NUMBER_OF_MAX_REQUESTS = 1000  # in every 15 minutes there can be a maximum of 450 requests (but wait on rate limit is turned on)
NUMBER_OF_TWEETS_IN_REQUEST = 100  # between 10 - 100 (default is 10)

# Two or more words within "" mean that they should occur together in the tweet, e.g. if keyword is "sleep pill", then 
# a tweet containing "pill sleep" will not be matched
keywords = '(insomnia OR "sleep deprivation" OR "sleep problem" OR "sleeping problem" OR cantsleep OR "sleep pill" OR "sleeping pill" OR "sleep issue" OR "can’t sleep" OR melatonin OR ambien OR zolpidem OR trazadone OR teamnosleep OR sleepless OR sleepdeprived)'

csv_file_name = "data.csv"
json_last_id_file_name = "start_id.json"
json_file_name = "data.json"
sample_file_name = "sample.json"

csv_path = f"{BASE_PATH}/{csv_file_name}"  # consists of all collected tweets in csv format
json_last_id_path = f"{BASE_PATH}/{json_last_id_file_name}"  # path to the id of the last saved tweet to know from which tweet to collect subsequent tweets
json_file_path = f"{BASE_PATH}/{json_file_name}"  # consists of all collected tweets in json format
sample_file_path = f"{BASE_PATH}/{sample_file_name}"  # consists of a random sample from the dataset

sample_size = 200 

pd.set_option('display.max_colwidth', None)
pd.set_option('display.max_rows', 1500)

# Data Collection Code 

## Data Collector Definition

This is the class used to define methods and workflow to obtain the data for required keywords and from a given timestamp. 

In [25]:
class DataCollector:
    """
    This class introduces methods which are used in collecting data from Twitter using 
    its API. 
    """

    def __init__(self, keywords: str, json_last_id_path: str, csv_path: str, json_file_path: str) -> None:
        """
        Constructor to set required objects and variables like paths for data. 
        """
        self.query = self.contruct_query(keywords)  # Construct a query to be made to Twitter to collect data
        self.json_last_id_path = json_last_id_path
        self.csv_path = csv_path
        self.json_file_path = json_file_path
        self.json_last_id_file_exists = os.path.exists(self.json_last_id_path)
        self.csv_file_exists = os.path.exists(self.csv_path)
        self.json_file_exists = os.path.exists(self.json_file_path)

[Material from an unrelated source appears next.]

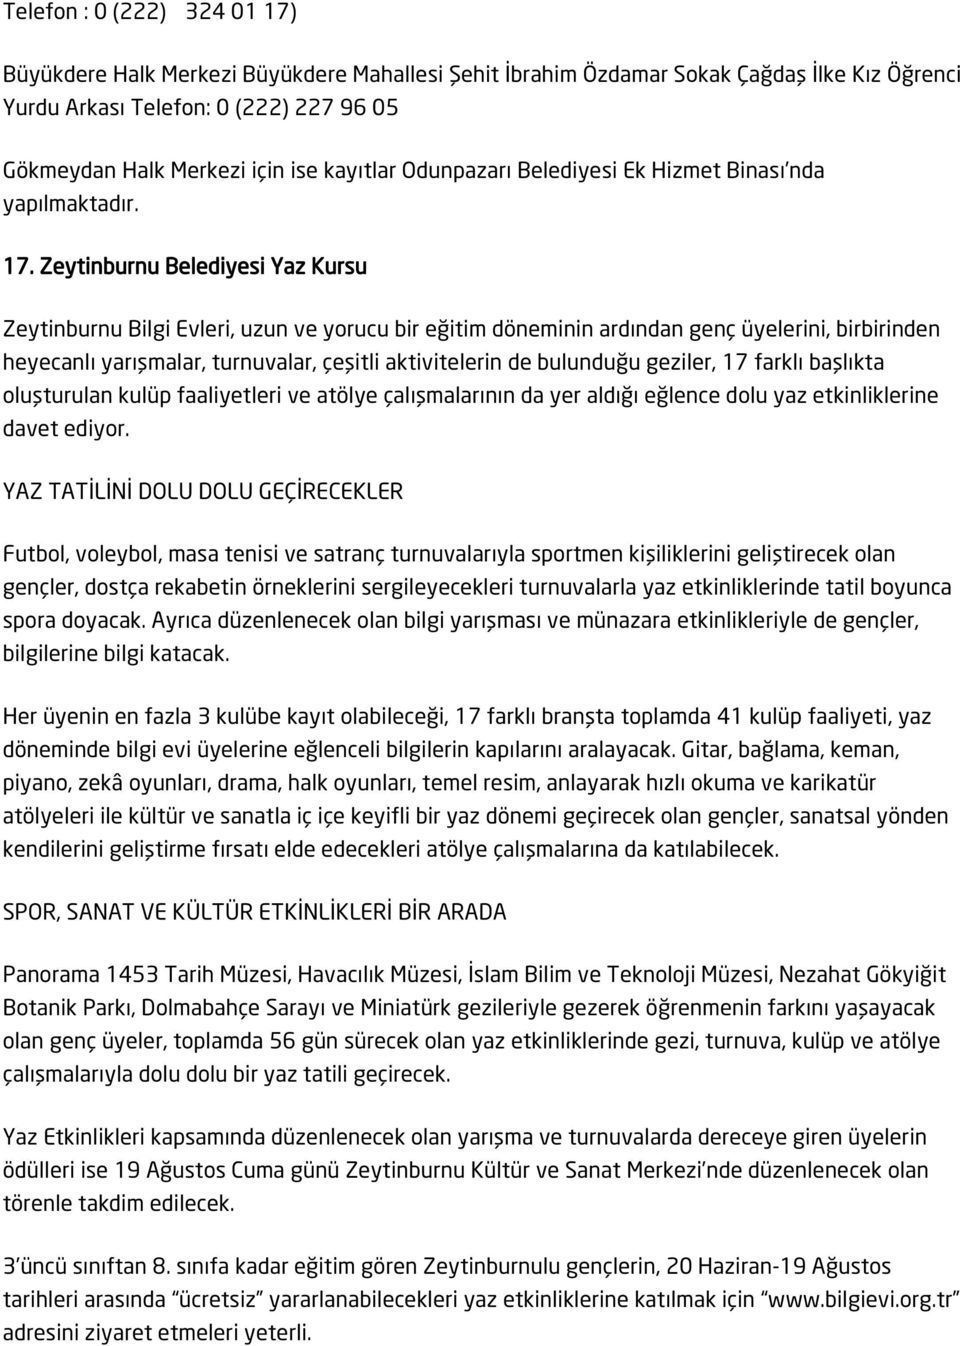 Zeytinburnu Belediyesi Yaz Kursu Zeytinburnu Bilgi Evleri, uzun ve yorucu bir eğitim döneminin ardından genç üyelerini, birbirinden heyecanlı yarışmalar, turnuvalar, çeşitli aktivitelerin de

        # Create the tweepy Client object to make requests and set wait on rate limit to True 
        # to be able to fetch all tweets even though it may take longer
        self.client = tweepy.Client(os.environ.get("BEARER_TOKEN"), wait_on_rate_limit=True)   
        self.most_recent_tweet_id = 0

    def contruct_query(self, keywords: str) -> str:
        """
        Define a query to be made to the API.
        Fetch only English tweets and ignore retweets
        """
        query = f"{keywords} lang:en -is:retweet"
        return query 
    
    def update_keywords(self, keywords: str) -> None:
        """
        Set new keywords and reconstruct a query. 
        """
        self.query = self.contruct_query(keywords)

    def collect_data_without_saving(self, limit: int, max_results: int) -> pd.DataFrame:
        """
        Collect data with given parameters and return the dataframe containing fetched data without storing it anywhere locally.  
        """
        tweets, includes = self.fetch_data_from_twitter(limit=limit, max_results=max_results)
        tweets_df = self.construct_tweets_dataframe(tweets, includes)
        return tweets_df

    def collect_data(self, limit: int=400, max_results: int=100) -> pd.DataFrame:
        """
        Collect data with given parameters and return the dataframe containing fetched data.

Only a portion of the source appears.